3. Proposed EEW system in metropolitan areas
1) Install seismometers with an interval of several hundred meters which send observed real-time waveform data to their data center. 2) Register data of user’s buildings or structures to the data center, such as the location, dumping factor, and strength of buildings. 3) At a time of strong shaking, the data center predicts shaking intensity using real-time P wave data transmitted from the closest station. It also calculates response of buildings associated with the ground shaking and estimates damage assessment of individual buildings. 4) The data center sends these computed results to each owner of building or users so as to do something for the mitigation of earthquake damage. Since there are seismic stations closed to each building in the proposed EEW system, we can consider that shaking at each building are approximated by the shaking recorded at the closest station. Therefore, we can consider that the proposed system can issue accurate EEW information to individual users. It is also pointed out that shaking intensity is predicted by the use of near-by stations, there are almost no blind zone.
4. Effectiveness of the proposed system
We checked the accuracy of shaking intensity estimation by the proposed system. We estimated values of shaking intensity using 1800 P wave data recorded by K-net station and found that the average estimation error of shaking intensity is 0.5. Since the shaking intensity is predicted by the use of waveform data at near-by station in the proposed system, we are able to consider that the average estimation error obtained by K-net data is approximated to that by the proposed system.

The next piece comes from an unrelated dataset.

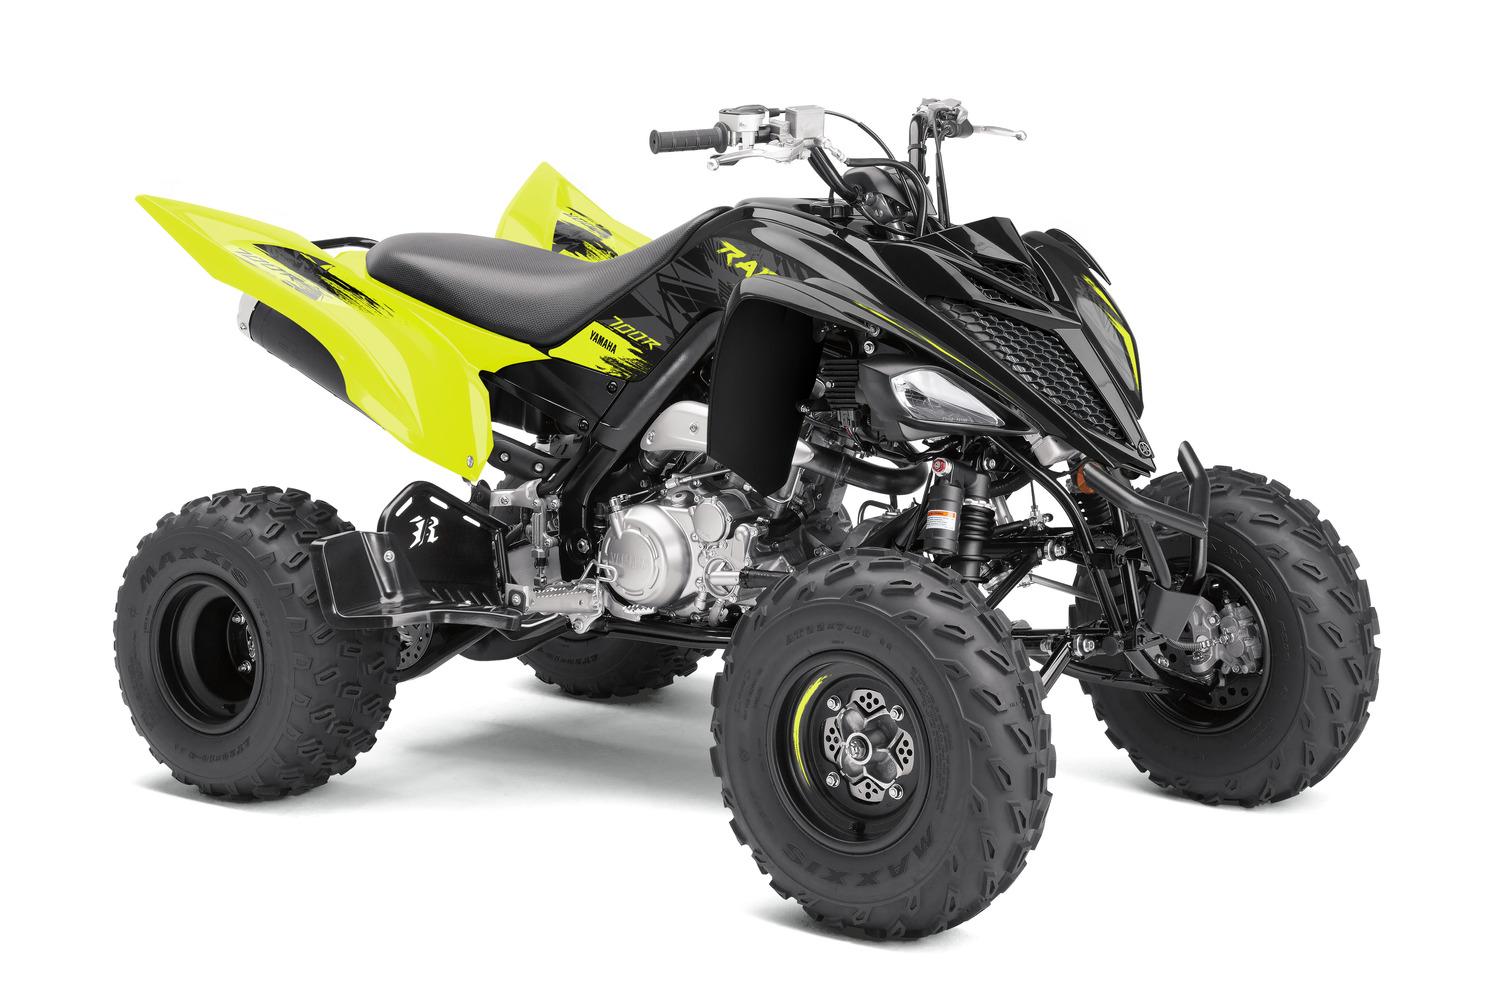 2021 Yamaha Raptor 700R SE in Yamaha Black Yellow

We also calculated estimated errors of shaking intensity estimation from the attenuation equation with putting parameters of hypocenter location and magnitude used in the present EEW system. The average error in this case is 0.91, which is much larger than the value of 0.51. The proposed system compute the response of each building associated with ground shaking. it may be possible to issue warning about the fall down of unfixed furniture.